I had the same as you, shoulders hurt a lot frequently. I am 6'5 and i moved from middle finger on ring to about 1 3/4 - 2 feet apart. WORLD of difference, you'd think more tris but for me I feel a massive squeeze, no tris and my bench shot up about 80lbs in 3 months and added 2 inches. -obviously tris but chest definitely getting hit more
I am tall but for some reason I squat bench and deadlift narrower, feels way better for me. Not telling you to do this but give it a shot for a month and check progress
And tuck those shoulders! Scapulas in and down And dont lock out until last rep, push right to top you have to flare out your shoulders meaning next rep is shoulder land. Go 4/5 up, dont lock elbows.

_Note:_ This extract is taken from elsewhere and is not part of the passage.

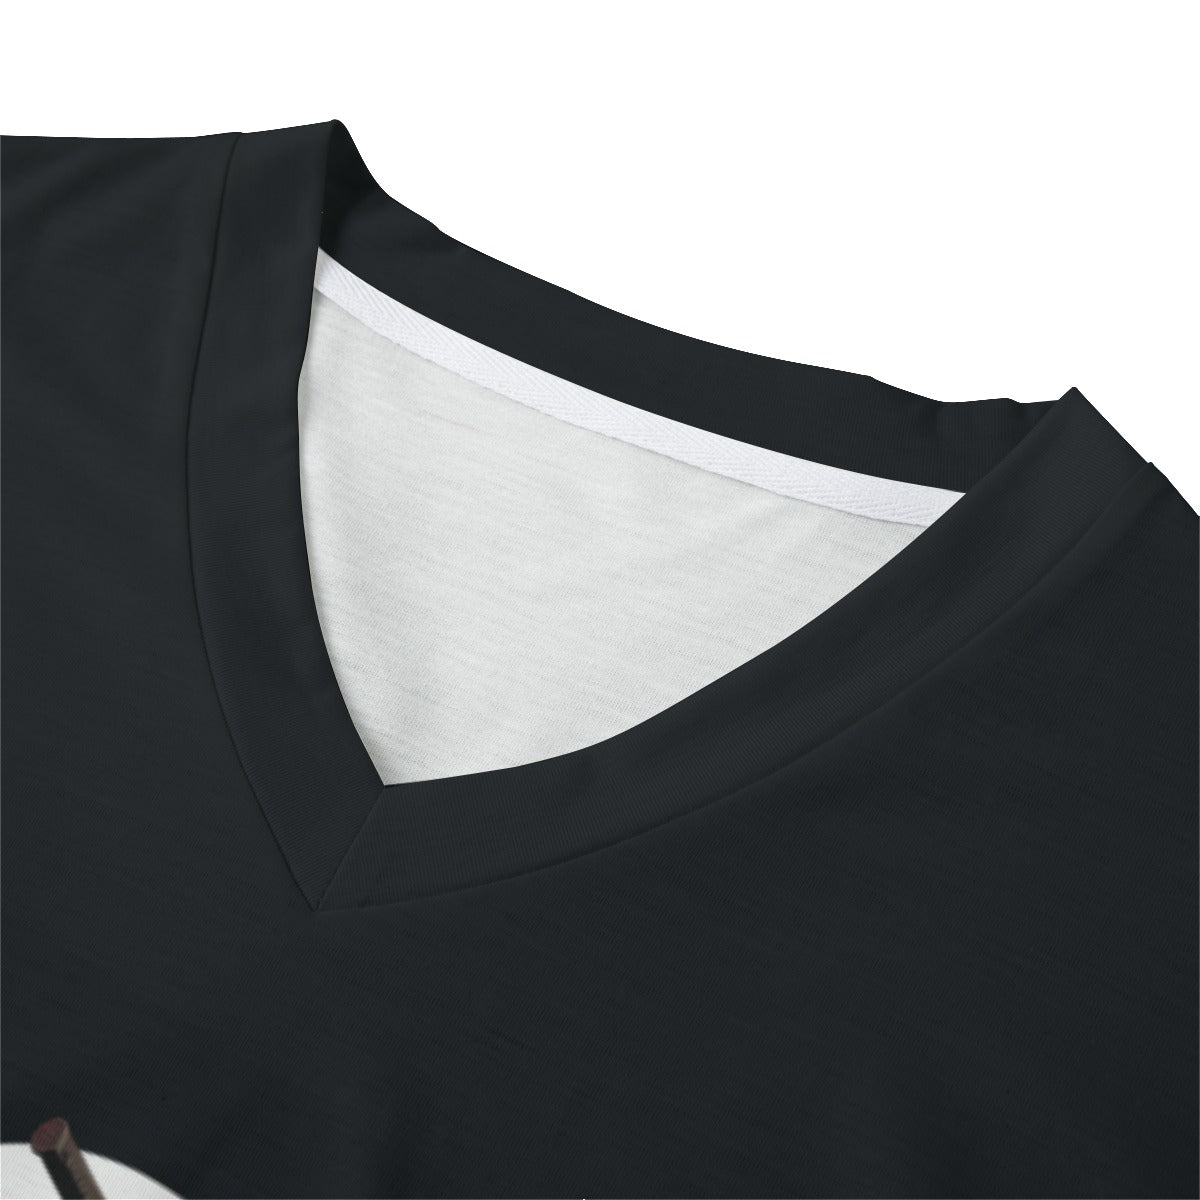 Eco-friendly All-over Print Men's V-neck T-Shirt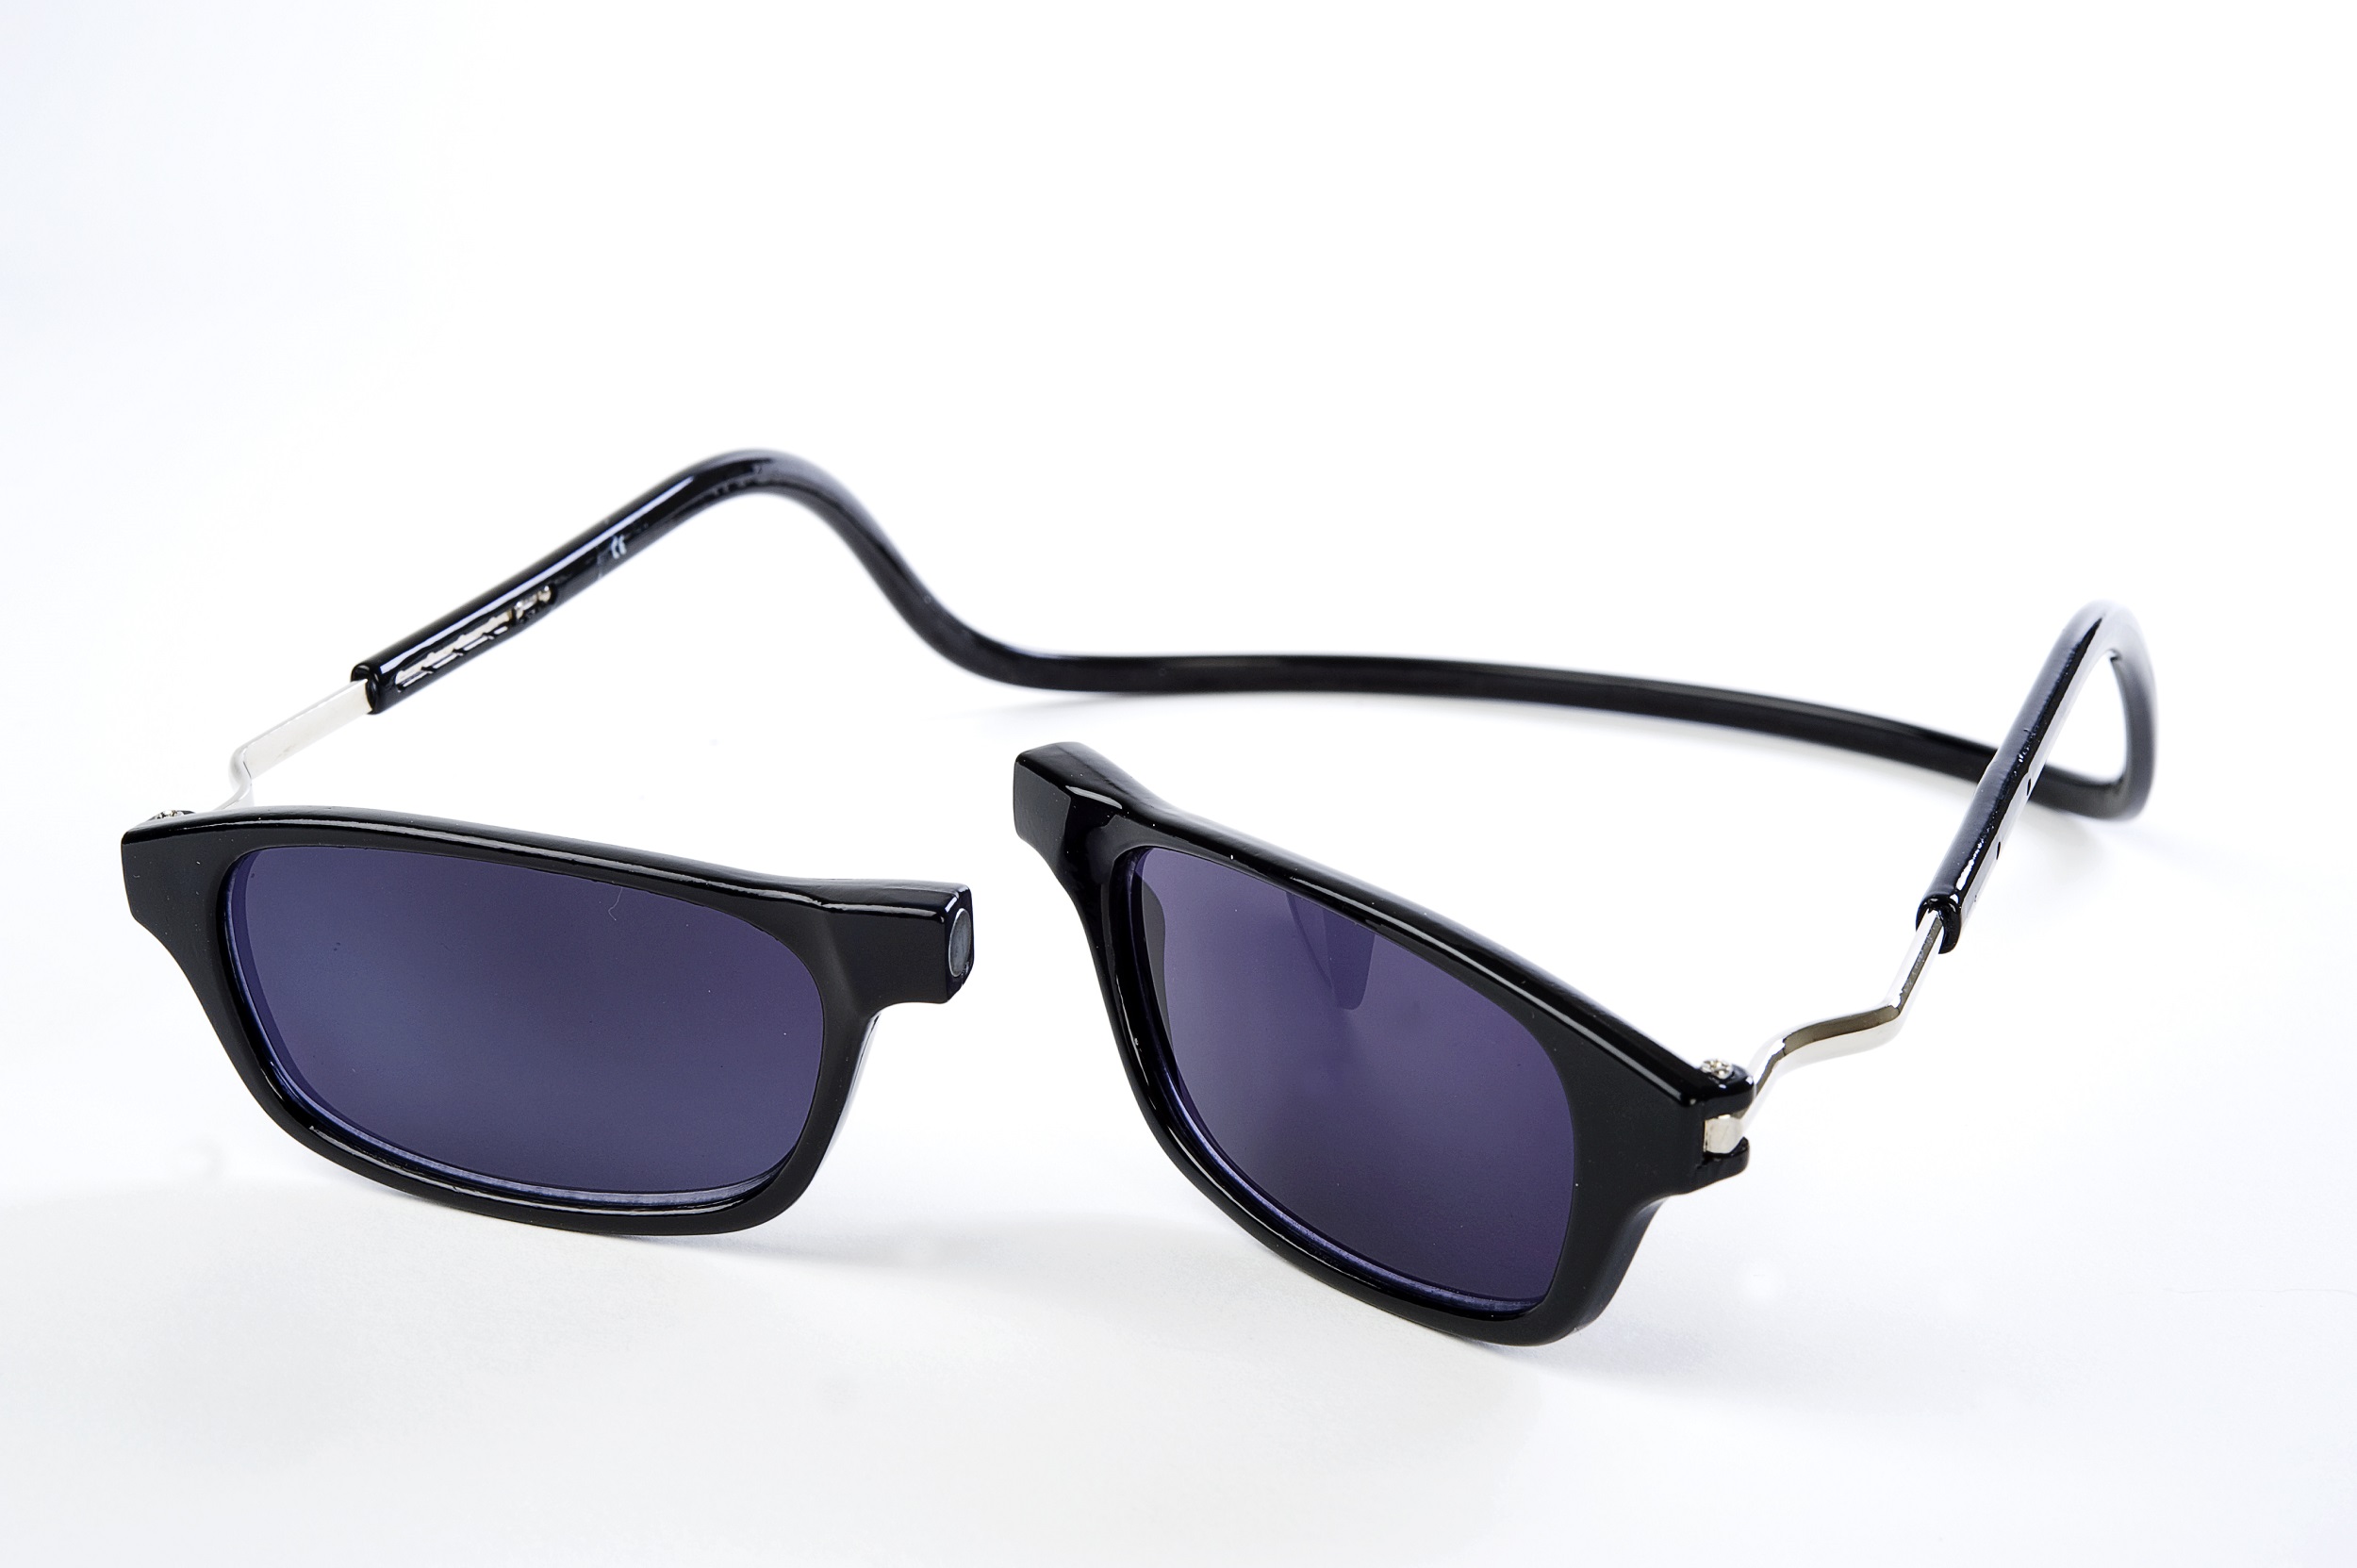 Easy Reader magneetleesbril leesbril met magneetsluiting model Classic XL zon zwart

side note: guy at my gym who loves his lock out on incline went unstable at top lockout with 120s, his arm externally rotated (suppinated) then fell straight down and anteriorly dislocated his arm... it snapped right back
Equals: do your rotator cuff training prophylatically!!!!!
11-12-2009 12:39 PM
What works for one person may not work for the next person. Almost everyone gets a different stimulus from every exercise. Dorian Yates was an avid Decline Bencher and it worked for him great.... So just try everything till you find something that works.... Maybe even something as simple as doing pushups could build your chest up more??? You dont know until you try
11-15-2009 05:42 PM
yesss agreed, i powerlift but if i do military press i dont feel my shoulders get as my much pressure on them as a shoulder press machine with the two handles that u load the weights on.